In the image classification method using a multi-scale feature map, performed in a computing device,
generating a multi-scale feature map for an input image using an artificial neural network, and transforming the size of the multi-scale feature map to be the same as the size of one of the multi-scale feature maps;
generating an average feature map by averaging pixel values of the converted multi-scale feature map in units of pixels;
calculating the difference between the pixel values of the average feature map and the transformed multi-scale feature map, and calculating a binary pattern code for each of the transformed multi-scale feature maps in units of the pixel according to the calculated difference value step; and
classifying the input image by using the average feature map and the binary pattern code,
The step of classifying the input image is
generating an integrated feature map by converting the binary pattern code into a single decimal number in the pixel unit; and
classifying the input image by combining the average feature map and the integrated feature map,
Each digit of the binary number constituting the binary pattern code is
determined according to each scale of the multi-scale feature map
An image classification method using a multi-scale feature map.

delete

8. The method of claim 7,
The binary pattern code is
A code in which 1 is assigned when the difference between the pixel values is greater than or equal to 0, and 0 is assigned when the difference between the pixel values is less than 0.
An image classification method using a multi-scale feature map.

delete

8. The method of claim 7,
The step of classifying the input image is
Classifying the input image according to at least one of the presence or absence of a tumor and the degree of differentiation of the tumor
An image classification method using a multi-scale feature map.

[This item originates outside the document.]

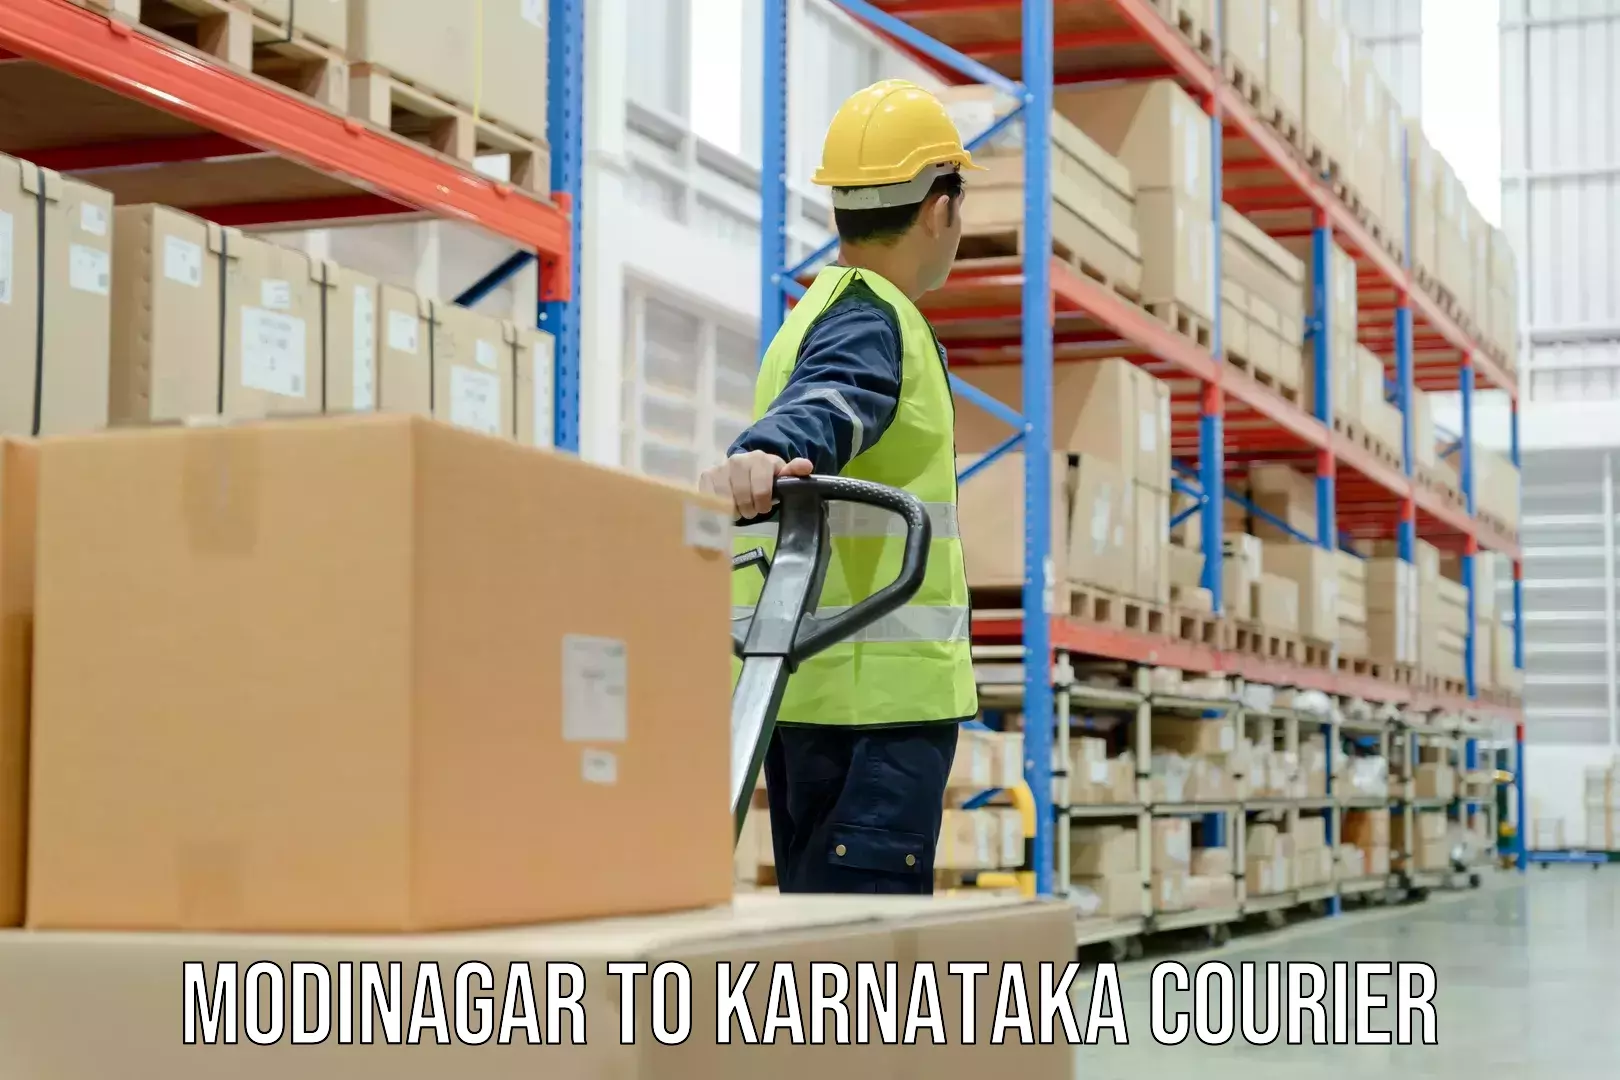 Local delivery service Modinagar to Karnataka

In the feature map extraction method for image classification, performed in a computing device,
generating a multi-scale feature map for an input image using an artificial neural network, and transforming the size of the multi-scale feature map to be the same as the size of one of the multi-scale feature maps;
generating an average feature map by averaging pixel values of the converted multi-scale feature map in units of pixels;
calculating a difference between the pixel values of the average feature map and the transformed multi-scale feature map, and calculating a binary pattern code for each of the multi-scale feature maps on a pixel-by-pixel basis according to the calculated difference value; and
and generating an integrated feature map in which the binary pattern code is reflected,
The step of generating the integrated feature map is
converting the binary pattern code into a single decimal number in the pixel unit to generate the integrated feature map,
Each digit of the binary number constituting the binary pattern code is
determined according to each scale of the multi-scale feature map
A feature map extraction method for image classification.

delete

14. The method of claim 13,
The binary pattern code is
A code in which 1 is assigned when the difference between the pixel values is greater than or equal to 0, and 0 is assigned when the difference between the pixel values is less than 0.
A feature map extraction method for image classification.